Renate Magdeleen du Plessis (born 14 July 1981) is a South African former competitive swimmer who specialised in butterfly events. She broke numerous South African records in the 100-metre butterfly at the 1997 Pan Pacific Swimming Championships in Fukuoka, Japan, and later represented South Africa as an 18-year-old at the 2000 Summer Olympics in Athens, Greece. She received ten All-American honours as a member of the Florida Gators swimming and diving team.

==Career==

===Early years===
Du Plessis was born in Cape Town, South Africa, the daughter of Andre and Jeanette du Plessis. She has one younger sister named Ciska and one younger brother named Marnitz, all of whom were full-time members of the Fellowship of Christian Athletes. She started swimming at the age of ten after watching the 1992 Summer Olympics, where the South African squad made its official comeback in 42 years because of apartheid: "I remember my parents watching and explaining to me what the rings and what the Olympics were". Four years later, she missed a chance to be selected for the Olympic team by almost a small fraction of time. Du Plessis's first competitive swimming experiences were honed with Bellville Aquarama (now Barracudas Aquarama) coach Heinz Dittrich.

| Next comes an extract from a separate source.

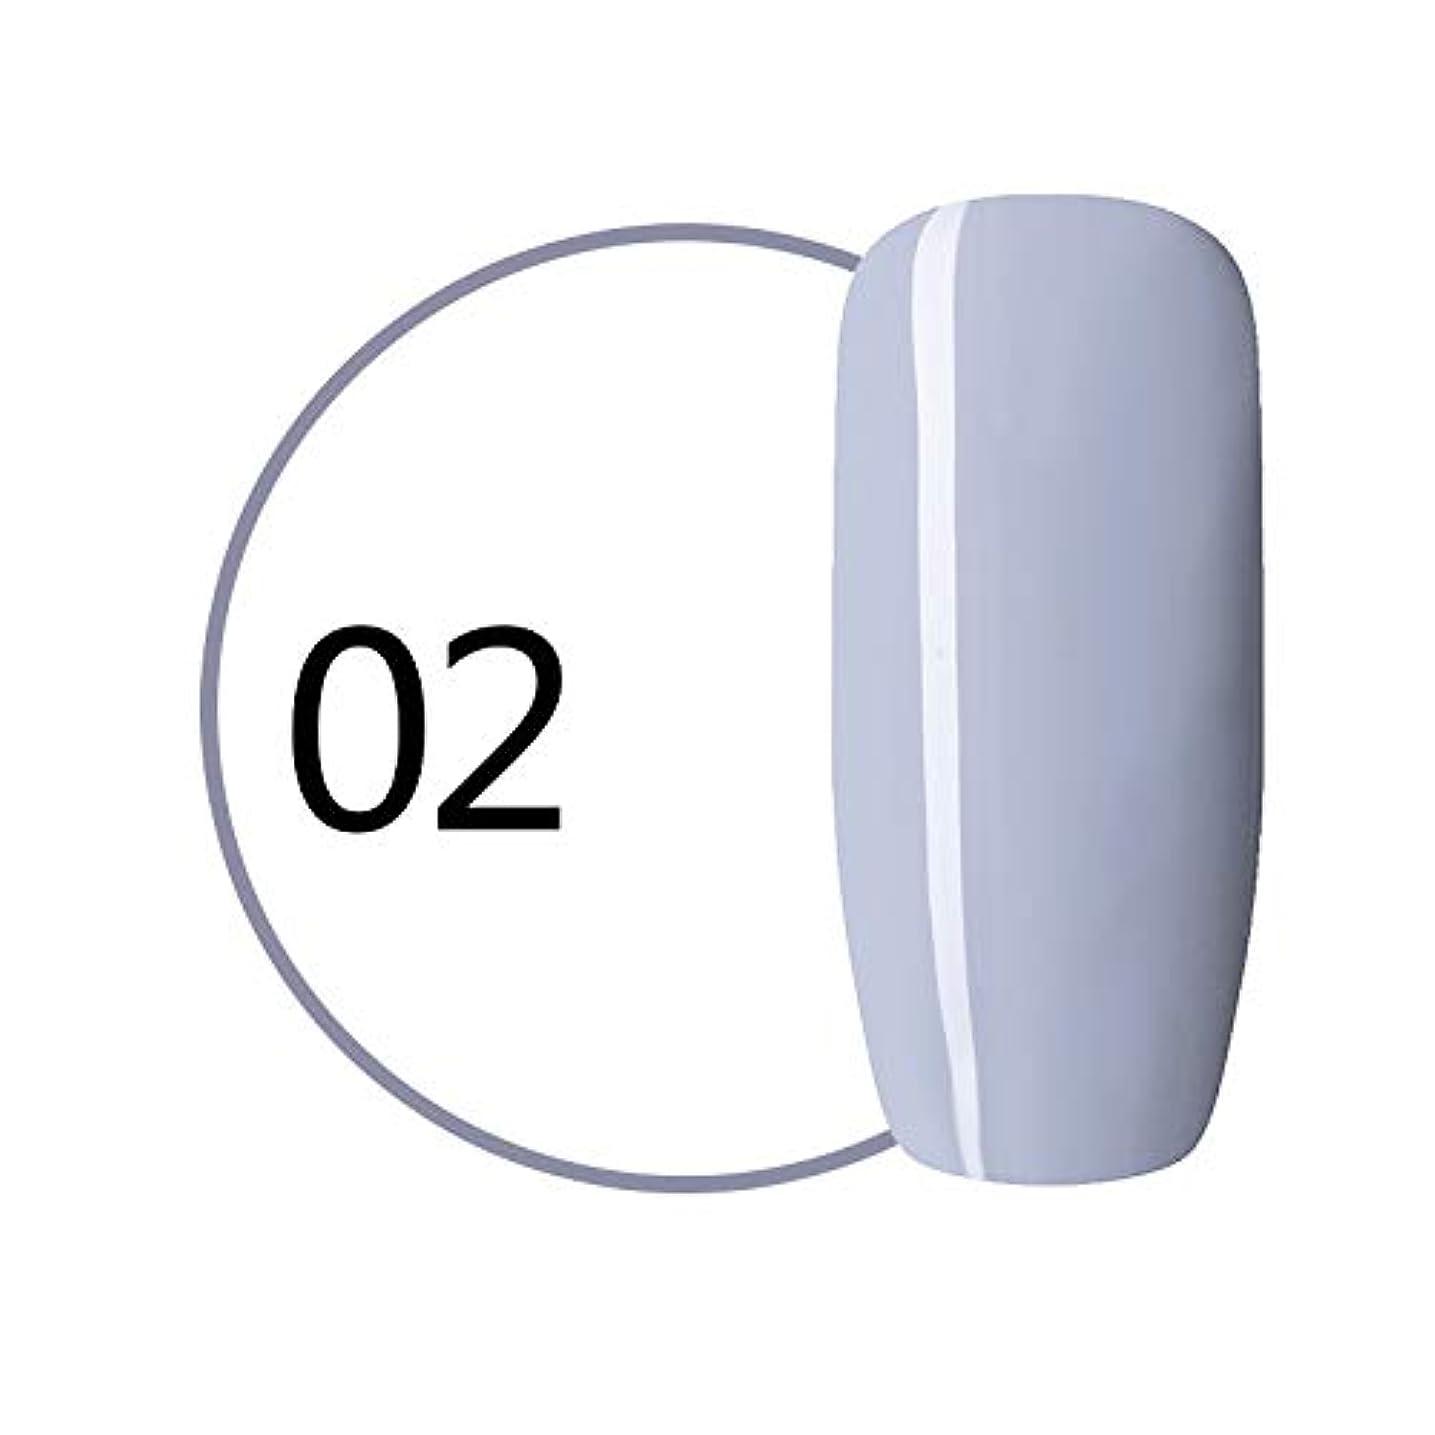 証明書甥拡声器Symboat マニキュア ソークオフ UV LED ネイルジェルポリッシュ ワイングレーシリーズ ネイル用品 女優 人気 初心者にも対応 安全 無毒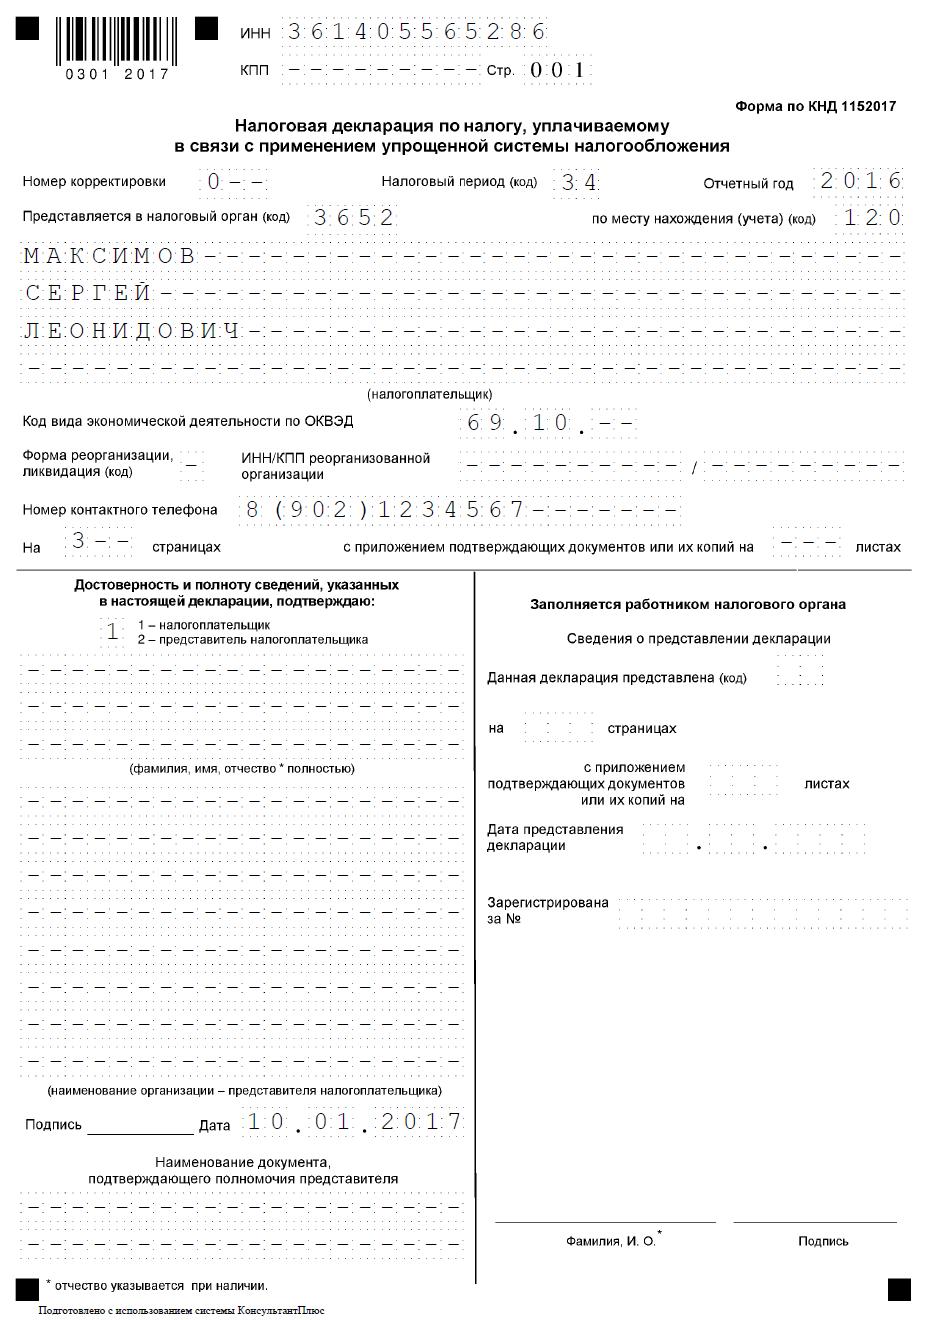 Разрабатывается новая форма декларации по налогу на игорный бизнес

At the age of eighteen, Du Plessis left her family in South Africa to come to the United States and eventually swim for the University of Hawaii: ""I had been travelling for swimming since I was 13, so at first it just felt like a really long road trip or camp".

===College career===
Du Plessis first attended the University of Hawaii in Honolulu, Hawaii, and competed for the Hawaii Rainbow Wahine swimming and diving team, under head coach Sam Freas, during the 2000–2001 season. She earned four Western Athletic Conference honours and posted a career best in the 100-yard butterfly (54.30).

In the fall of 2001, Du Plessis transferred to the University of Florida in Gainesville, Florida, where she trained for coach Gregg Troy as a member of the Florida Gators swimming and diving team. While swimming for the Gators, she achieved career bests in the 100-yard butterfly (53.02), 200-yard butterfly (1:59.79), and 100-yard backstroke (53.87), and received a total of ten All-American and five Southeastern Conference honours in her entire college career. She graduated from the university in 2004 with a bachelor of science degree major in exercise physiology.

===International career===
Du Plessis made her official debut at the 1997 Pan Pacific Swimming Championships in Fukuoka, Japan, where she established a South African record of 1:02.10, but finished fourth in the 100-metre butterfly.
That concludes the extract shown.